Caryn Hartglass: I would go for soy-based chicken nuggets, rather than chicken.

Hope Bohanec: Sure, myself as well, but I think there’s those people out there that still are going to be like, “That’s not meat!”

Caryn Hartglass: That’s not natural!

Hope Bohanec: Right. If we made it so in vitro meat was just like it, you couldn’t tell the difference, I think it would be a huge solution.

Caryn Hartglass: For me, the most important thing is to reduce and eliminate pain and suffering and exploitation, so anything that does that is great. But part of the pain and suffering is the pain and suffering in humans when they get sick. I work a lot towards educating people about what’s healthy, and I can’t say enough about fresh, locally grown, organic fruits and vegetables, lots of dark, leafy greens. We don’t need heart disease. Heart disease for the most part is reversible, preventable. Diabetes, preventable. 60%, at least, of cancers are preventable.

Hope Bohanec: Absolutely.

Caryn Hartglass: Hospitals are not a fun place, pain is not fun. The fruits and vegetables are really where it’s at when it comes to boosting our immune system. The best protection towards prevention of illness and strengthening our bodies to live quality lives.

Hope Bohanec: It’s really a positive thing that’s going on as far as the health community really coming out behind plant-based diets, fruits and vegetables, with the new plate, the government’s dietary standards plate. I am so excited about that! If you notice, it’s subtle, but if you notice the four sections, they say fruits, vegetables, grains, which are all actual foods, so they want you to eat fruits, vegetables, grains, and then the fourth section is protein. That’s a nutrient! What they’re basically saying is, “We don’t care how you get your protein, just get some protein.” So that could be beans, that could be meat, whatever. But the others, they could have said, vitamins and carbohydrates, but they didn’t. They were very specific about fruits, vegetables, grains, and then the protein, it’s like meat is now optional. Meat is not a necessity on the plate, and I think that that’s so positive.
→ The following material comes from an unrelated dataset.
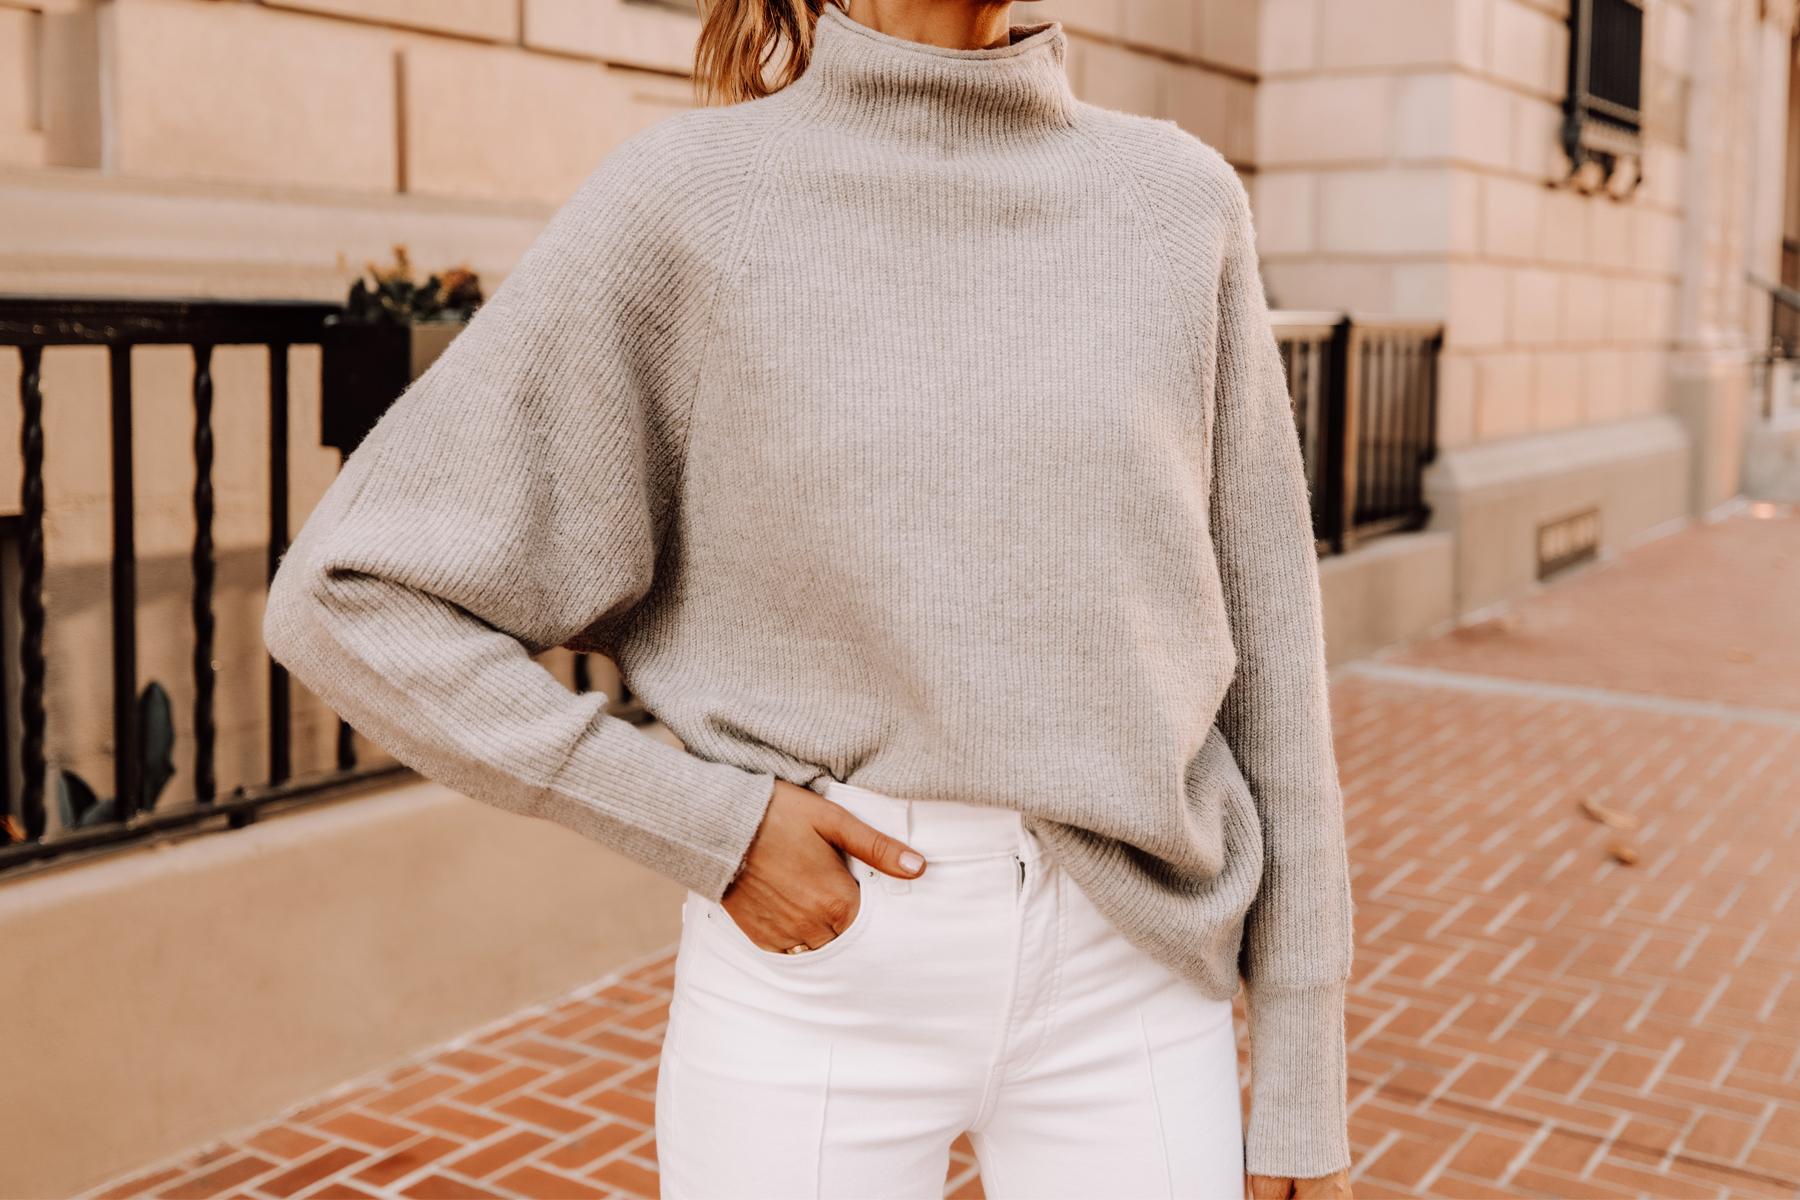 Fashion Jackson Wearing Express Beige Mockneck Sweater White Jeans

Caryn Hartglass: I’m glad you bring that up because I didn’t see it that way, and I like that perspective very much. I like consistency, and so it bothered me that once corner was a macronutrient, and the rest were foods. It didn’t make sense to me, but this is really a good take on it. What was amusing to me was that it looks exactly like the Physicians’ Committee for Responsible Medicine plate that they put out a year ago.

Hope Bohanec: That’s right, they took a lot from that, which is really wonderful.

Caryn Hartglass: Now, the little circle to the side of the plate, of the milk?

Hope Bohanec: I know, that was disappointing, definitely. I wonder how much the dairy industry paid to get that little circle.

Caryn Hartglass: Exactly. It’s all about money. Well, Hope, guess what? We’ve come to the end of the hour.

Hope Bohanec: Wow, that went by quick!

Caryn Hartglass: We did it! I enjoyed myself, I hope you did too.

Hope Bohanec: I did, thank you so much.

Caryn Hartglass: Such a pleasure talking to you, I love the work that you’re doing, if people are interested, make it to the website.

Hope Bohanec: Yes, I can give you our website, its IDAUSA.org, and you can look at our vegan campaign and get a lot of further information about what I was talking about, and please support us, In Defense of Animals.

Caryn Hartglass: Thank you so much, Hope Bohanec, for you and all that you’re doing, and In Defense of Animals, IDAUSA.org. I’m Caryn Hartglass, and please check out my website, responsibleeatingandliving.com. That’s all, have a delicious week!